Then comes the night, and we know that the earth is turning round, and that it will soon be dawn with our friends in Australia, but to us it is the sun which is sinking behind the waves. It was a white flame on a blue field before, then the blue passes through changes of grey to gold, and the gold deepens to orange, and the orange glows to crimson, and the sun has become a blood-red eye glaring out of a purple mask, while overhead gather armies clad in regimentals of every shade. The red coats are struggling with the black and green, and the yellow and white facings are savagely torn off and sent flying after the tattered banners stained with the clotted gore of the slain, and the castles they were swarming about are crumbling to pieces.
Then the battle is over and the stillness of death settles down, the purple grows grey, the amber afterglow is cooling behind it, and those wonderful little spark worlds are coming out to watch. On the earth long lines of silver vapour lie like stretches of water with fen-lands between; the tree trunks are submerged in the deluge, and only the tops of brown ranges float above. A sigh comes over the land, that enters into our spirits and finds an echo there, as we turn to the east to watch the mellow moon rise out of its umber grey background, giving us thoughts of rest after the day’s work is over, bringing out young lovers, imparting to rosy cheeks the spiritual pallor of tender sympathy, throwing into dark eyes, that might flash mischievously in the sunlight, the melancholy languor that rivets the pensive chains, and a host of vague forms to the dreamy student, as he leans back, while the thin wreaths created by his meerschaum pipe circle heavenward from his meditative lips.
ARTISTIC BOTANY
Shall we break it all up with our relentless science, get out our trowels and our tin cases, and scatter the angels until we classify some of the unknown specimens?
This purple flower with its drooping bells, to the half-open mouth of which the black-and-amber coated bee hangs sucking, is our own foxglove, a useful foreground ornament for the painter. Adam has yet to christen it, so I may be homely in my title and leave the Latin to the professors. An orange and scarlet toadstool rests against its grey green leaves, while the greyer boulder against which they grow absorbs the grey from the green until the leaf seems as bright as the fern-tree overhead, for after this manner ring out the chimes of colour in Nature, the high note only high until we strike the next.
Yes, it is amazing upon how slight a foundation a very plausible and fine theory may be built up. I had almost fancied, while I was watching the rich crimson juice oozing like blood from the cracks of that dragon-tree, that the finale had come, and that it was our forefather Adam who clung in that most undignified fashion between me and the sky to that high branch of the upas, until I perceived the long hair upon his arms as he reached to the cocoanut alongside of him, while his graceful tail like a black snake twined round the white stem; then I recognised with feelings of relief that it was only our familiar caricature the monkey.

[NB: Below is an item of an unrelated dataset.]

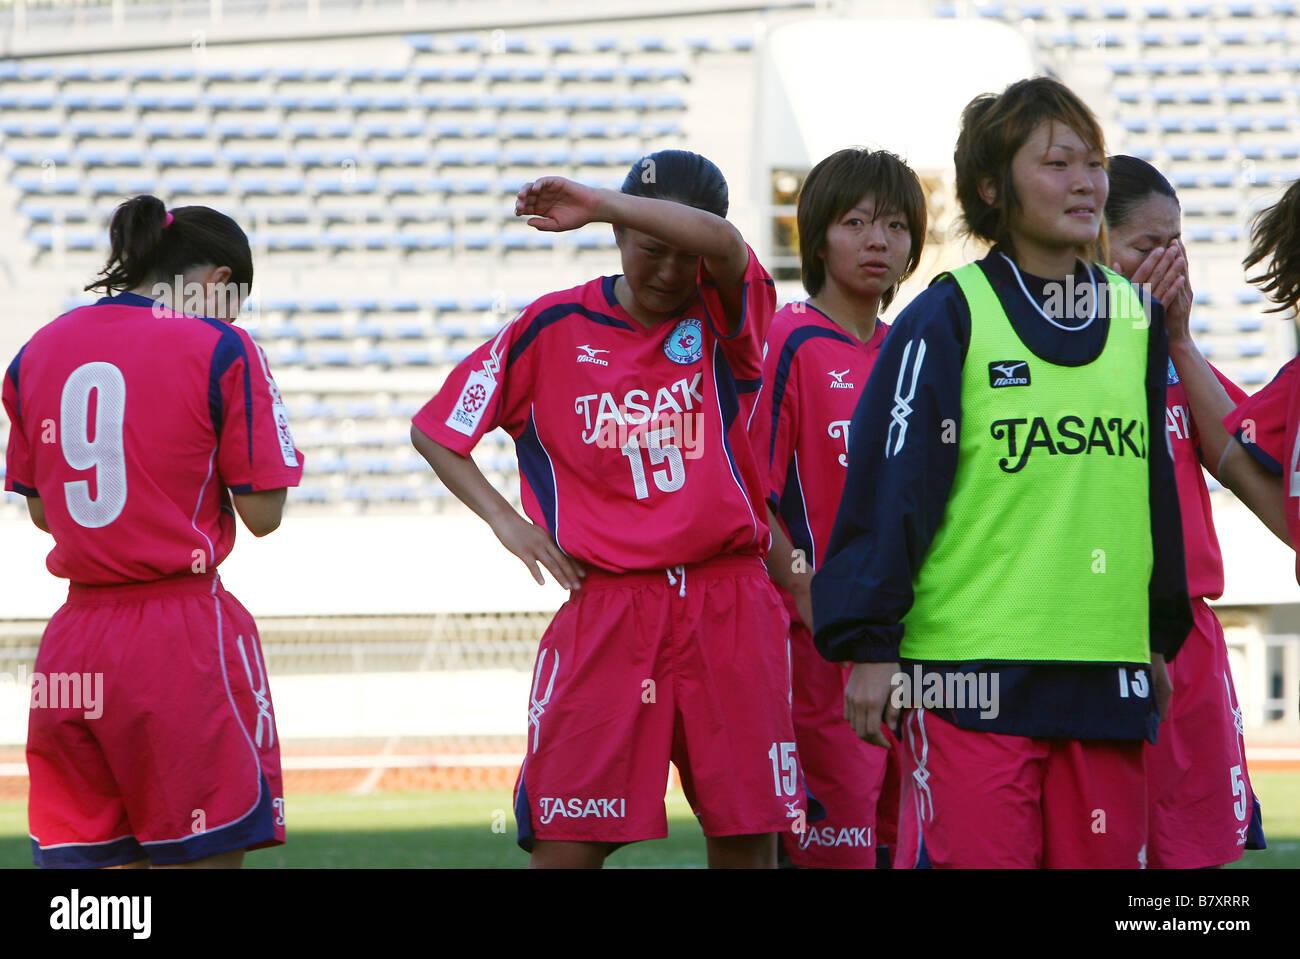 Tasaki Perule team group NOVEMBER 23 2008 Football 2008 NADESHIKO League Division 1 between NTV Beleza 4 1 TASAKI - Stock Image

How familiar it all seems as we ponder! This gnarled tree trunk is the oak of England, while yonder faint mountain-top, that we can just see between its twisted limbs, looks like the cobbler at work on the lofty Ben Lomond, giving us almost the right to claim our little island as the original site of Paradise, did not those many pillars which are shooting up and drooping down from the archways of this mighty banyan stop our ideas from going farther in that direction.

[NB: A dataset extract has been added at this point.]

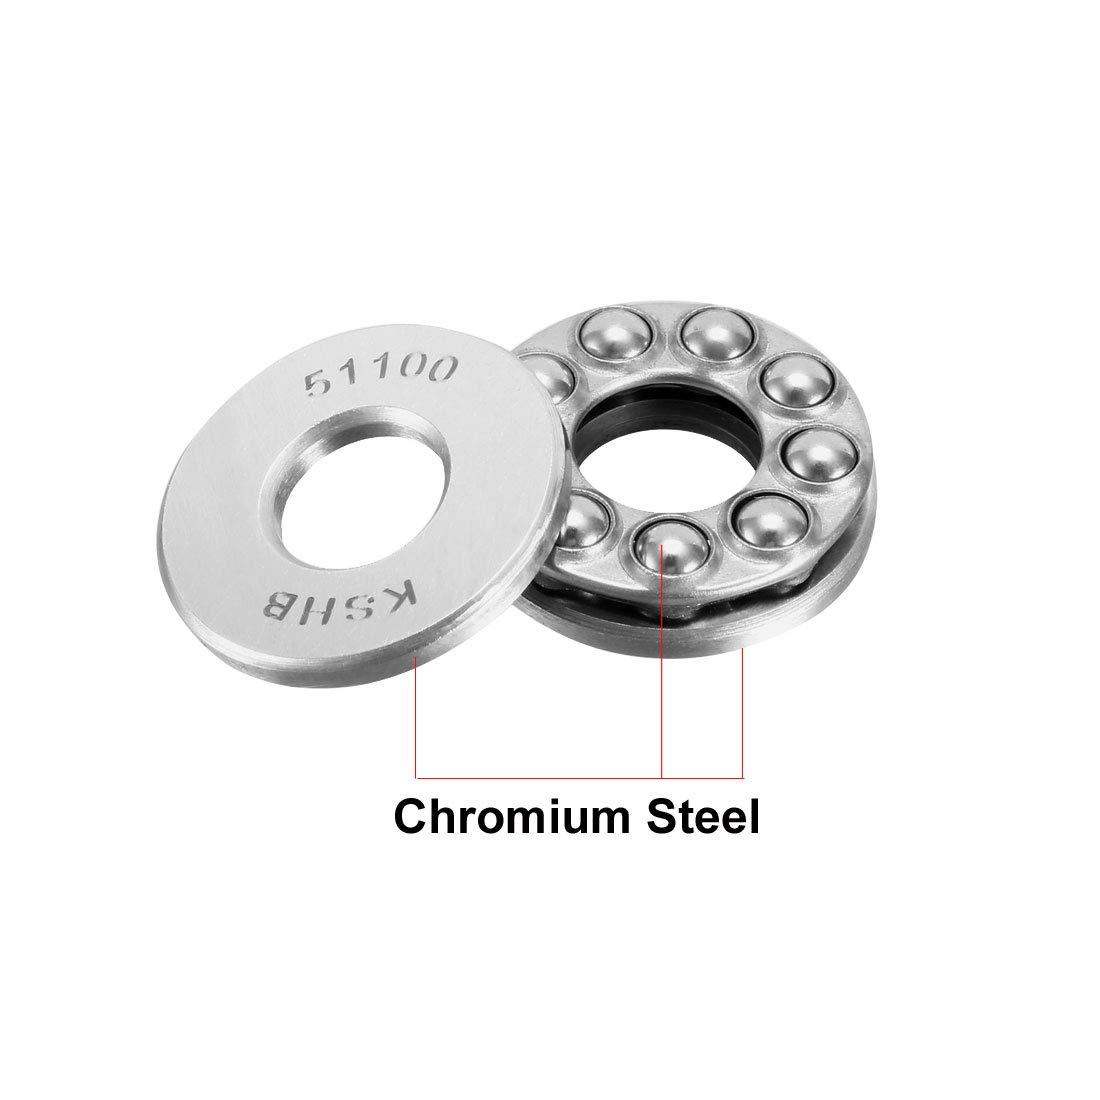 Uxcell 51100 Single Direction Thrust Kugel Bearings 10Mm X 24Mm X 9Mm Chrome Steel Pack von 5

Let us pause for a moment to regard the vegetation around with the draughtsman’s glance. The oak rising like a pyramid, with its rugged horizontal masses, light, raw siennaish-green leaves clustering round the spreading knotty branches at right angles to its corrugated trunk. The elm, lime, and chestnut, not unlike in general outline, yet with distinctive shapes that separate them all. The rough trunks of the elm, pine, and fir may be distinguished at once from the smooth bark of the plane, chestnut, beech, birch, bamboo, and upas. The branches of the fir and beech are straight; the weeping willow and birch droop under their light load to kiss the river. Then there are the serpentine ash, and the irregular elm, cedar, and poplar, the long tapering leaves of the ash and willow, the round flakes of the beech and cedar, the fan-like masses of the chestnut, the little needle points of the fir. All these stand out stamped with their type marks, and proclaim what they are by their form and by their colour. We see, too, the dark olive duskiness of the fir crown, with its flesh-like arms flung outwards, and the warm glow of the upper limbs dying out of its body as it nears the brown earth, reddened like the bed of the larch with the dropping spray of cast-off shreds; the fir and the larch, that never change their entire garments winter or summer, but only cast away the worn bits they have done with; the willow, that grows paler as the summer advances and the other trees flush, until she stands out white amongst the orange and the russet, and the intense purple fumes of the passing year; the fairy birch, lady of the lee, with her indefinite toned festoons, her delicate madder-brown branches, and her silver crackle bracelets, reflecting all the colours in our paint boxes.
Under foot we trample a perfect world in miniature—the velvet moss and grey lichen, the vivid sparks of green amongst the bronze, the rose and golden hairs that shake brown balls at us, and lure us into grottoes where nymphs and lady-birds slumber together.